* [EXERCISE GOAL] Using the listing below, retype exactly the lines starting at the one with "[Panna Cotta (Mitsuki)]" and ending at the one with "A black t-shirt", and include both.

* [DATA TO EXAMINE]
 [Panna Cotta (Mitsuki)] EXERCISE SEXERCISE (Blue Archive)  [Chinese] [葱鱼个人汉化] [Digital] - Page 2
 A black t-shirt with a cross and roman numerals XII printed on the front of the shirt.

* * *

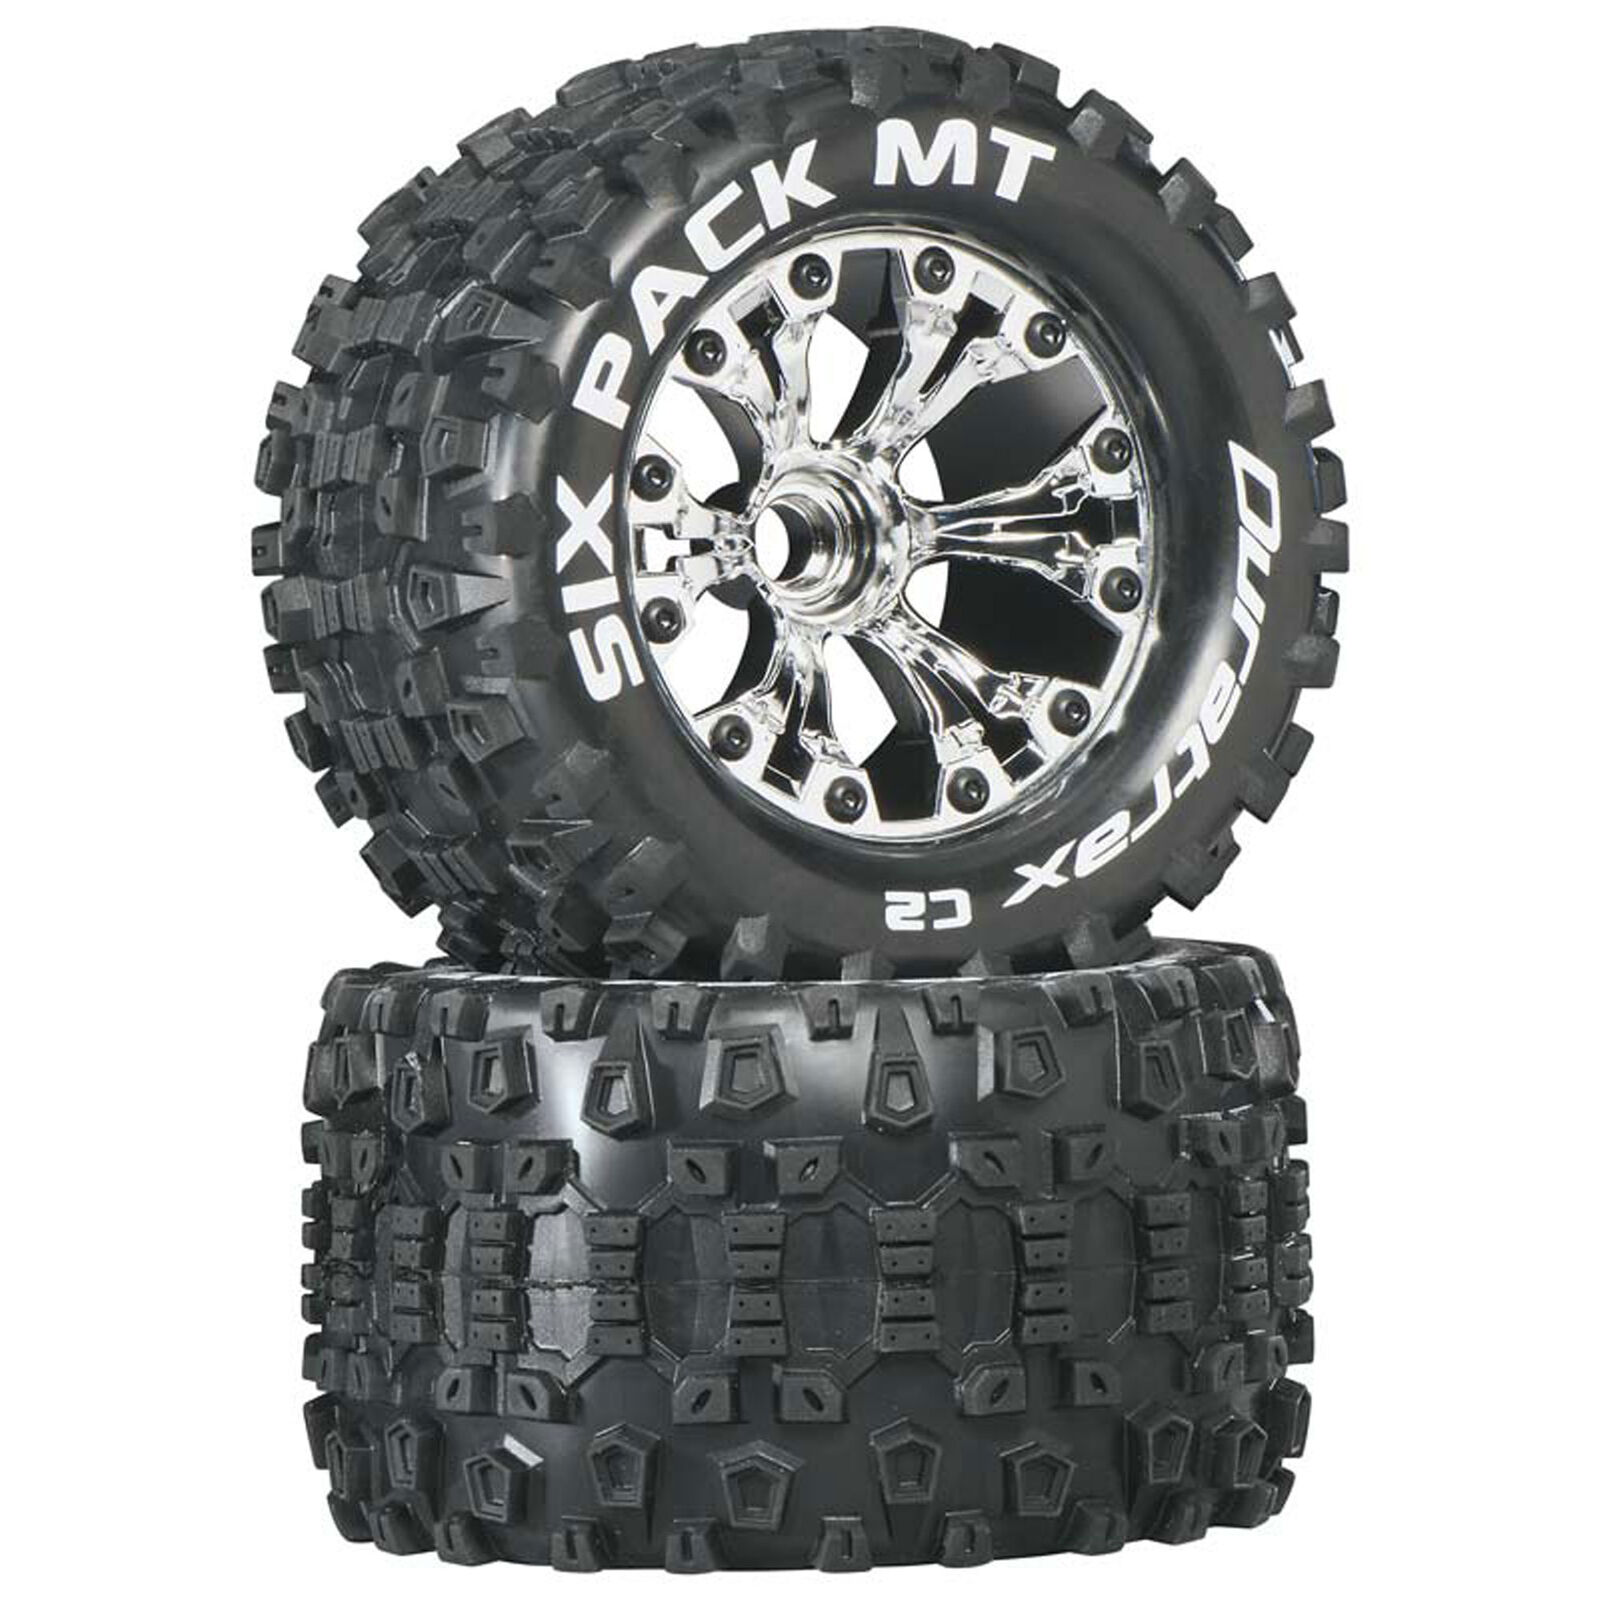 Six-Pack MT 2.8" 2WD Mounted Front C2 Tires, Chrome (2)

* [RESPONSE TO THE TASK]
 [Panna Cotta (Mitsuki)] EXERCISE SEXERCISE (Blue Archive)  [Chinese] [葱鱼个人汉化] [Digital] - Page 2
 A black t-shirt with a cross and roman numerals XII printed on the front of the shirt.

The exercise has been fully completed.